A Martin Scorsese masterstroke: The art of silence
For someone like Martin Scorsese, who is often regarded as one of the most important and significant filmmakers in all of cinema history, he has spent an entire lifetime making movies that are sure to stand the test of time. Now aged 77 and still going strong, Scorsese continues to work passionately on new projects—his latest feature being the sociopolitical-horror film The Irishman which was released last year.
A staunch cinema-lover apart from being one of the trailblazers of the New-Hollywood movement, Scorsese recounts several films and filmmakers being his inspiration growing up. John Cassavetes—the pioneer of American independent cinema—whose films are characterised by chatty and improvisational dialogues, heavily influenced Scorsese’s scripts and production and advised him to “make films about what you know”. Owing to his Italian roots, he also named ‘Italian Neorealism’ and, subsequently, the works of Roberto Rossellini and Vittorio De Sica amongst various other as substantial in his growth as a filmmaker.

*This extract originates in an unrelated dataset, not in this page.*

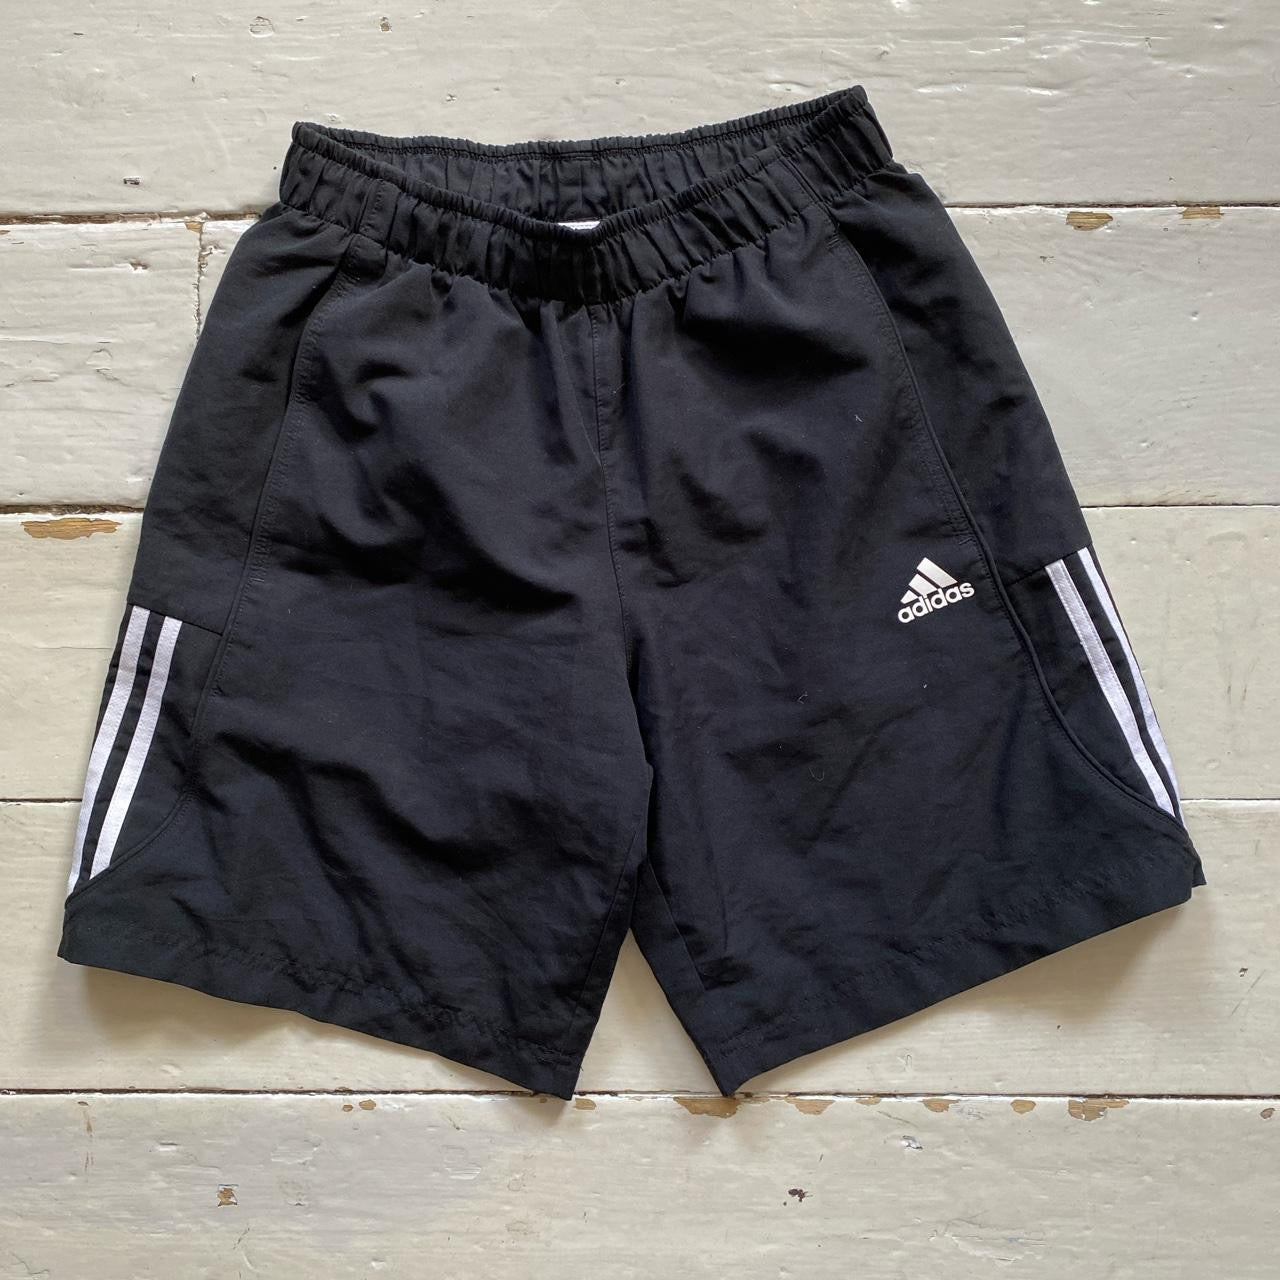 Adidas Black Shell Shorts (Small)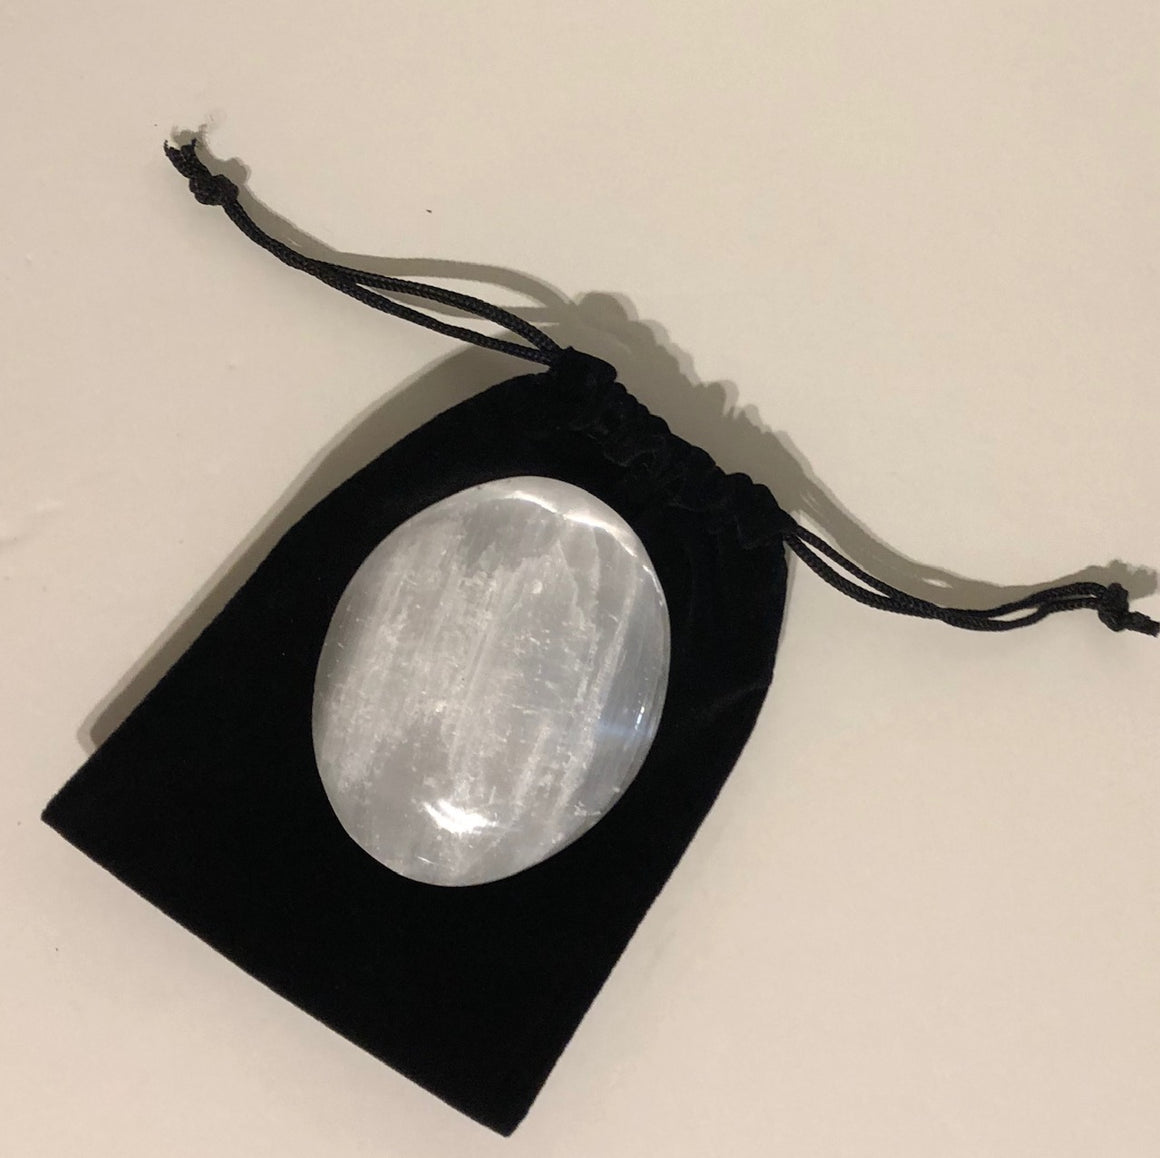 Selenite Crystal Paperweight in velvet pouch - 3"-4"

Scorsese, who eventually won the Academy Award for Best Director for his 2006 film The Departed after several previous nominations, has since gone on to make numerous other features in a vast oeuvre—with stylistic contrasts that range from the controversial The Last Temptation of Christ to the 19th century Daniel Day-Lewis starring romantic-drama The Age of Innocence.
Thematic motifs like religious guilt, political corruption, and inevitably the Italian-American identity are present in most of his films; Scorsese is also renowned for several of his recurring filmmaking techniques. These include the use of slow motion, freeze frames, rapid editing and dynamic camera movements. However, one of the less-discussed of his cinematic masterstrokes, which can be seen in almost all of his films with varying degrees of implementation is that of intentional silence.
This fascination of his with the lack of sound and music – silence – reached its culmination with the production of his 2016 drama-epic Silence, which starred the likes of Andrew Garfield, Liam Neeson and Adam Driver. When questioned about the film, Scorsese had some very interesting things to say: “As you get older, ideas go and come. Questions, answers, loss of the answer again and more questions, and this is what really interests me. Yes, the cinema and the people in my life and my family are most important, but ultimately as you get older, there’s got to be more… Silence is just something that I’m drawn to in that way. It’s been an obsession, it has to be done… it’s a strong, wonderful true story, a thriller in a way, but it deals with those questions.”
This perhaps stands equally true for him, as well as his obsession with the all-important “art of silence.”